» **The problem**:
The line with "An image of" marks the first line to copy, and the line with "General 1920x1080 water" marks the last. Transcribe that stretch of the data below exactly, without pictures.
━━ Source data ━━
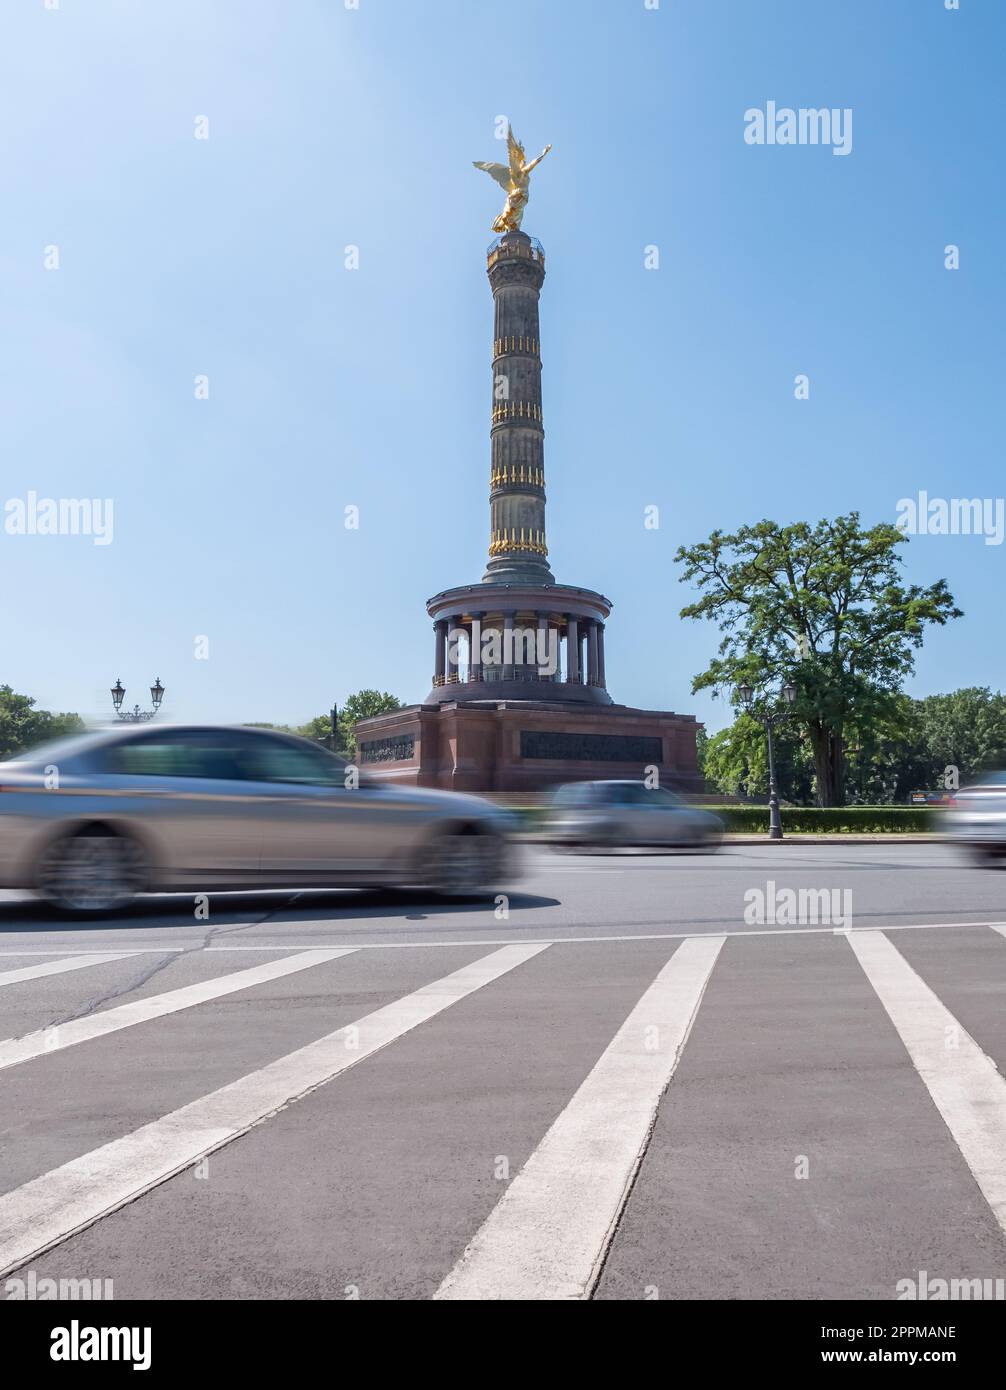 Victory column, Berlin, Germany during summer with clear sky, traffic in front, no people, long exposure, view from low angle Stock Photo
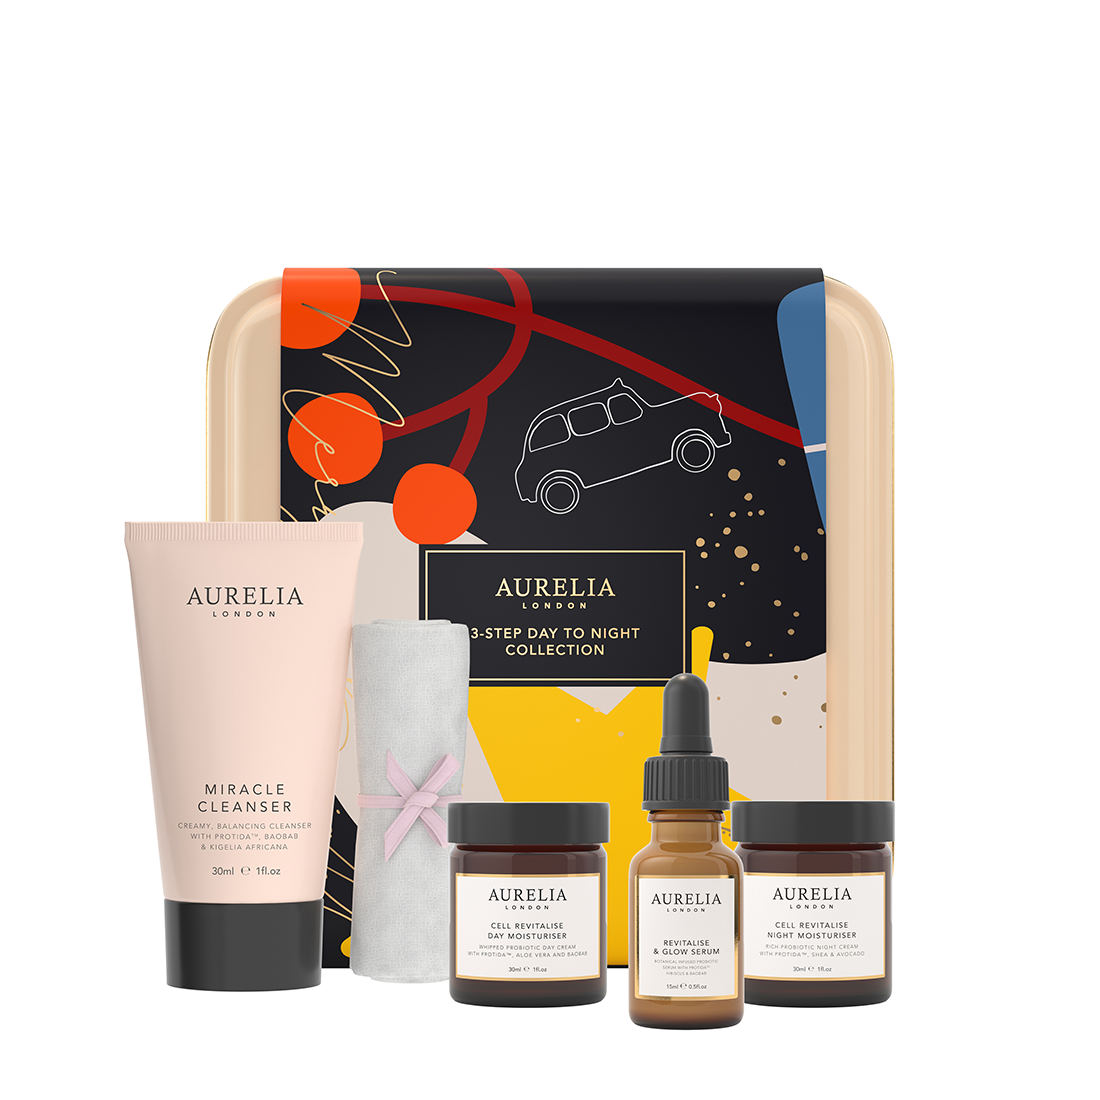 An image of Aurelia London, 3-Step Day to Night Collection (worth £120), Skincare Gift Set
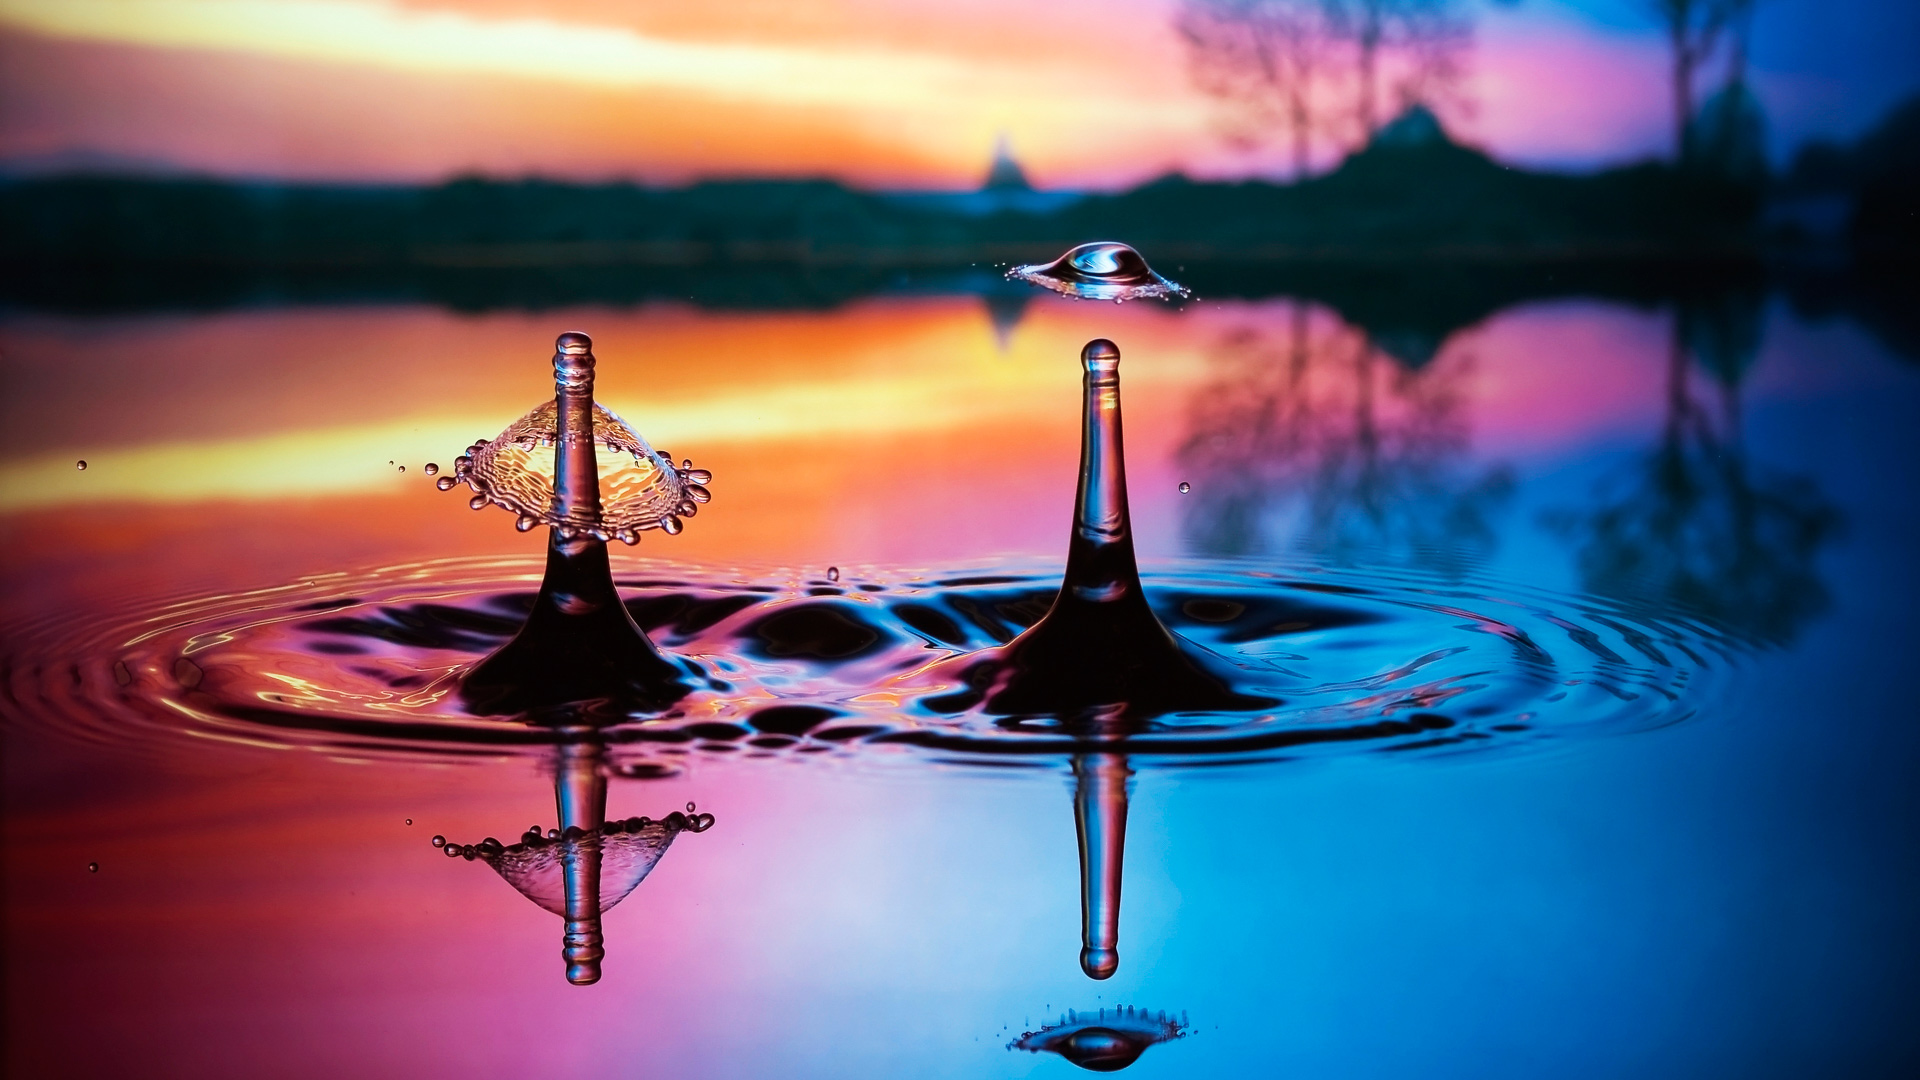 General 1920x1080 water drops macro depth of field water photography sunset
━━━
━━ Source data ━━
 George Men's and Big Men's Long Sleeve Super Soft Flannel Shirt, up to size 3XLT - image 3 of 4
━━━
━━ Source data ━━
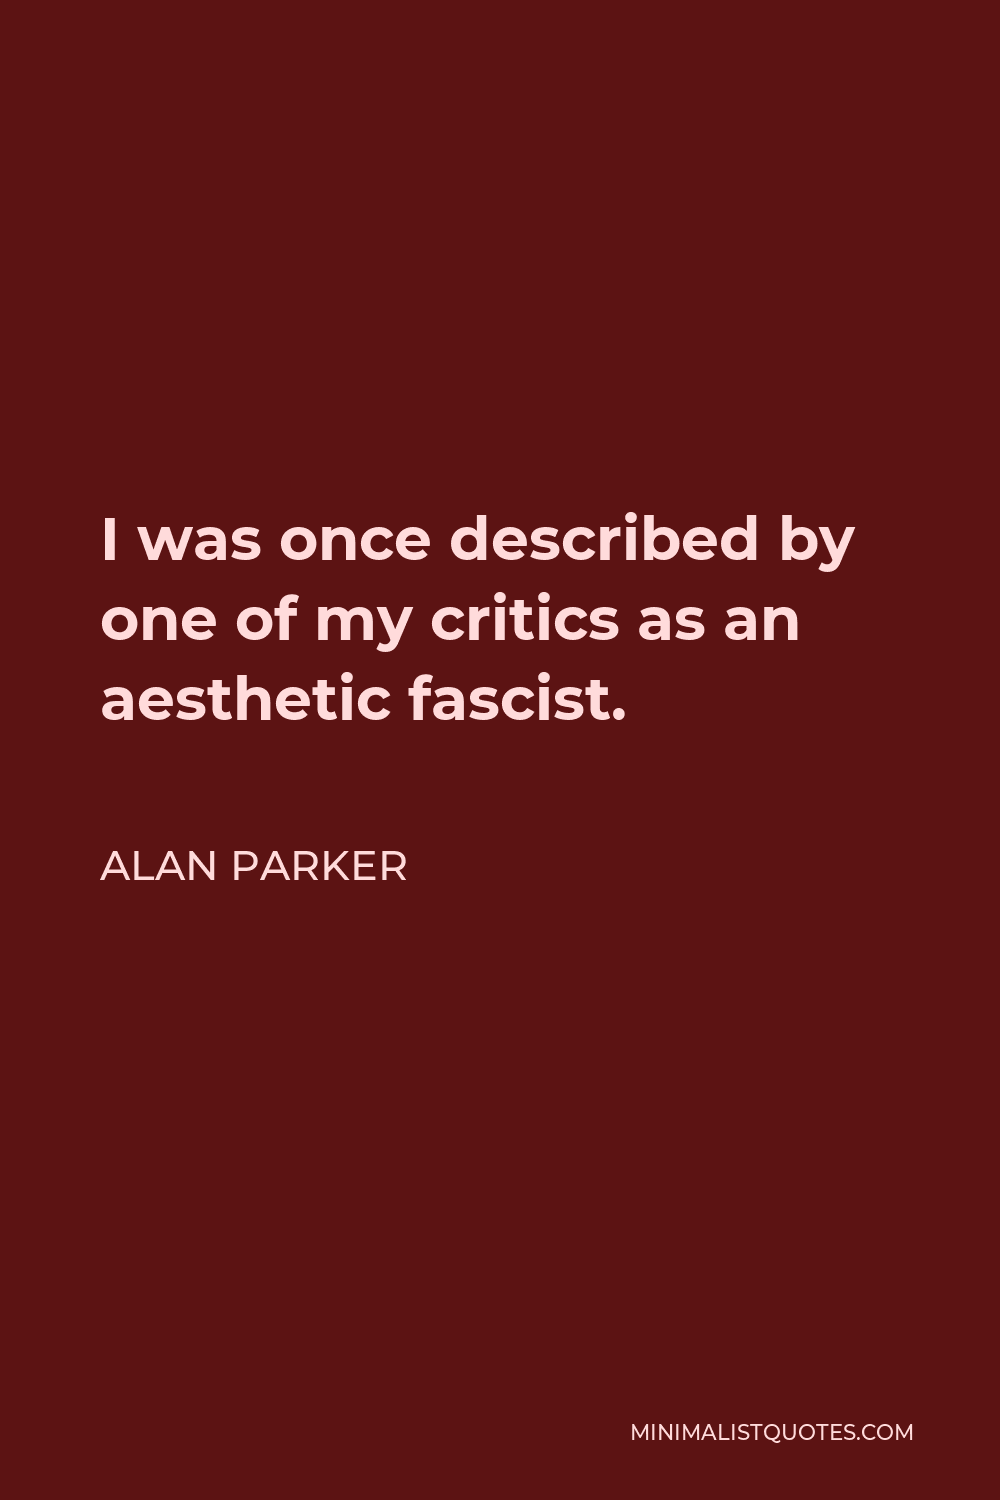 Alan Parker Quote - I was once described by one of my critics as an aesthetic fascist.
━━━
» **Answer for this exercise**:
 An image of Aurelia London, 3-Step Day to Night Collection (worth £120), Skincare Gift Set
 General 1920x1080 water drops macro depth of field water photography sunset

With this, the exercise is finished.